Ospedali Riuniti di Bergamo, Largo Barozzi 1, Bergamo, Italy.
Blood. 2012 Jul 19;120(3):569-71. doi: 10.1182/blood-2012-01-407981. Epub 2012 Jun 13.
In the present study, we investigated disease characteristics and clinical outcome in young patients (< 40 years) with World Health Organization (WHO)-defined essential thrombocythemia (ET) compared with early/prefibrotic primary myelofibrosis (PMF) with presenting thrombocythemia. We recruited 213 young patients (median age, 33.6 years), including 178 patients (84%) with WHO-defined ET and 35 patients (16%) showing early PMF. Median follow-up time was 7.5 years. A trend for more overall thrombotic complications, particularly arterial, was seen in early PMF compared with ET. Progression to overt myelofibrosis was 3% in ET and 9% in early PMF, but no transformation into acute leukemia was observed. Combining all adverse events (thrombosis, bleeding, and myelofibrosis), the rate was significantly different (1.29% vs 3.43% of patients/year, P = .01) in WHO-ET and early PMF, respectively. In multivariate analysis, early PMF and the JAK2V617F mutation emerged as independent factors predicting cumulative adverse events.

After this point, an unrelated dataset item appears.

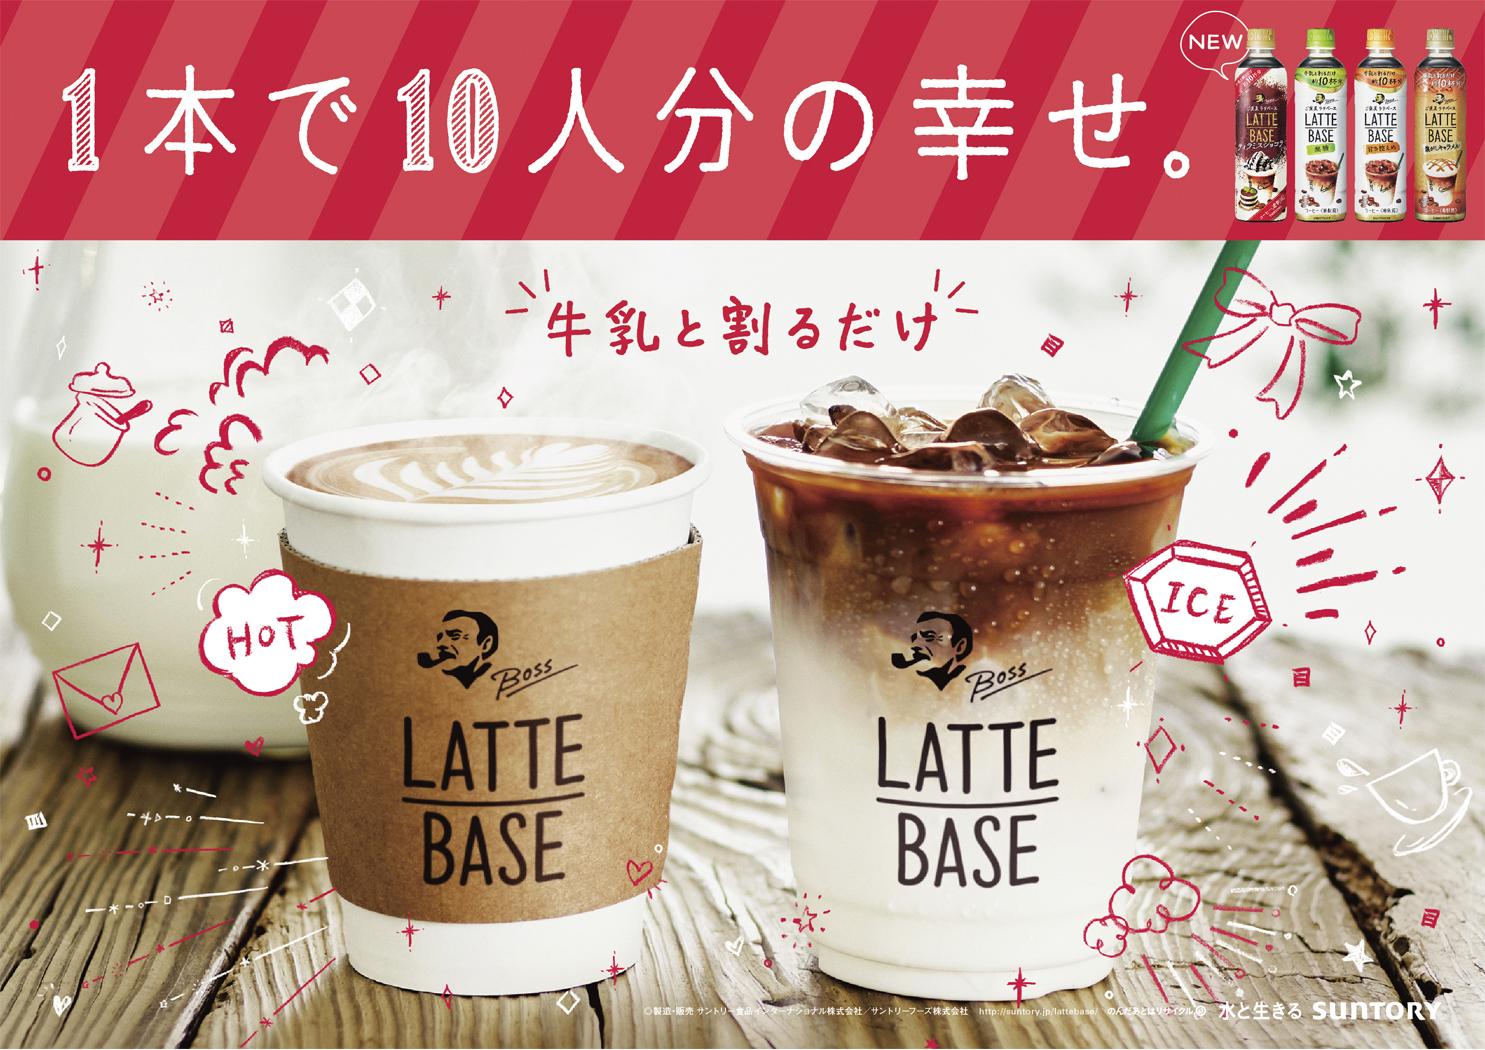 Suntory boss LatteBase Valentine B3board

在本研究中,我们调查了与伴有血小板增多的早期/纤维化前期原发性骨髓纤维化(PMF)相比,世界卫生组织(WHO)定义的特发性血小板增多症(ET)年轻患者(<40 岁)的疾病特征和临床结局。我们招募了 213 名年轻患者(中位年龄 33.6 岁),其中 178 名患者(84%)为 WHO 定义的 ET,35 名患者(16%)表现为早期 PMF。中位随访时间为 7.5 年。与 ET 相比,早期 PMF 中总体血栓并发症(特别是动脉血栓)的趋势更为明显。ET 进展为明显骨髓纤维化的比例为 3%,早期 PMF 为 9%,但未观察到向急性白血病转化。将所有不良事件(血栓形成、出血和骨髓纤维化)合并在一起,在 WHO-ET 和早期 PMF 中,其发生率分别显著不同(1.29%和 3.43%/年,P =.01)。在多变量分析中,早期 PMF 和 JAK2V617F 突变是预测累积不良事件的独立因素。